In concluding that in granting the estoppel there was no breach of the rule against trustee fettering, the court confirmed:

  1. There is a general principle that the fundamental nature of a trustee’s duty is to act in accordance with a trust deed and that an agreement to fetter the exercise of a discretionary power is likely to be unenforceable.
  2. The general rule however does not prevent equity, by way of an estoppel, to operate as a practical fetter or limit on a trustee, although such occurrences will be rare - particularly given the difficulties where, for example, the membership or group of beneficiaries who may be impacted by the estoppel is very large and the position of the discretionary objects needs to be considered (see Public Trustee v Smith [2008] NSWSC 397 and English & Ors v Keats & Ors [2018] EWHC 673 (Ch)).

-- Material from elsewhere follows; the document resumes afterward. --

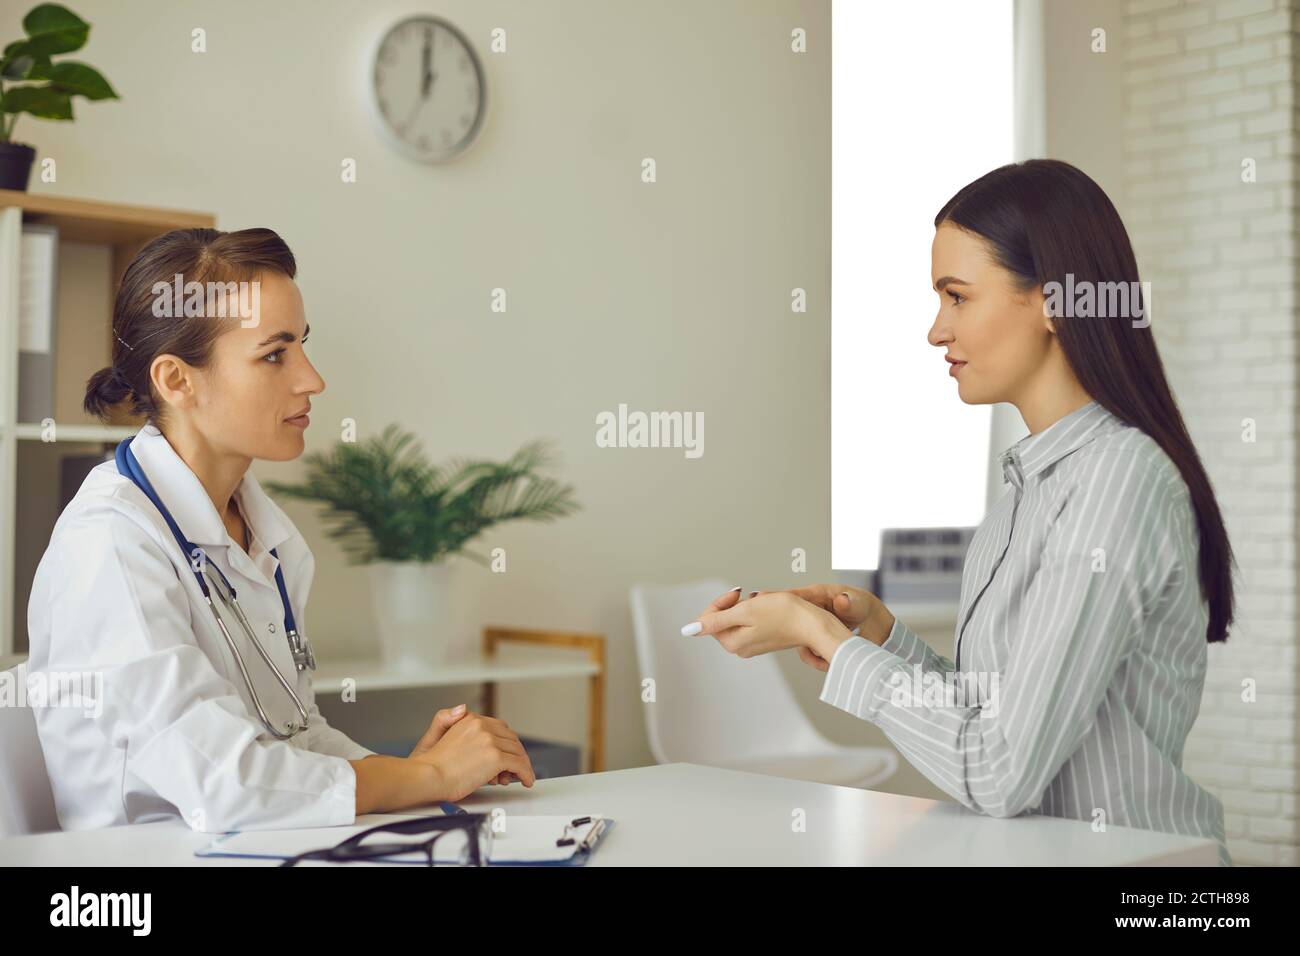 Une jeune patiente informe le médecin de ses problèmes de santé, décrit ses symptômes et demande des conseils Banque D'Images

  3. In this case, a key factor was that the parties to the arrangement held a common assumption prior to the creation of the trust - that is, the trustee actually knew of, and was therefore bound by, the terms of the understanding or common assumption that the estoppel claim would enforce.
  4. Granting the estoppel to prevent the trustee from dealing with the income and capital of the trust other than in a manner than was consistent with the terms of the arrangement was permissible, even if this would impact on some non-specified beneficiaries.
  5. Further, the estoppel did not amount to the court imposing a universal rule on the trustee; rather it was a moulding of relief to suit the issue in the case and an application of the “cardinal principle of equity that the remedy must be fashioned to fit the nature of the case and the particular facts” (see Warman International Ltd v Dwyer [1995] HCA 18).
  6. Ultimately, the effect of granting the estoppel was not held to be to compel the trustee to exercise its power in a particular way in the future, but rather to disable it from doing so in respect of a certain percentage of the assets of the trust.
  7. That is, as confirmed on appeal in Pamplin v Irwin [2024] NSWCA 213, the requirement the court imposed was only that no less than 50% of the income or capital of the trust be distributed in a certain manner. This requirement did not preclude the trustee from considering any or all of the discretionary objects. Further it was open to the beneficiary who was to receive the 50 per cent to consent to a distribution of capital or income which would result in some other outcome.  In substance therefore, the order gave an entitlement to the relevant beneficiary to insist that they would need to approve any distribution of income or capital which would result in them not receiving at least 50 per cent of the distribution. While this did constrain the powers of the trustee, the limitation was held to be considerably removed from the restrictions protected by the doctrine of fettering.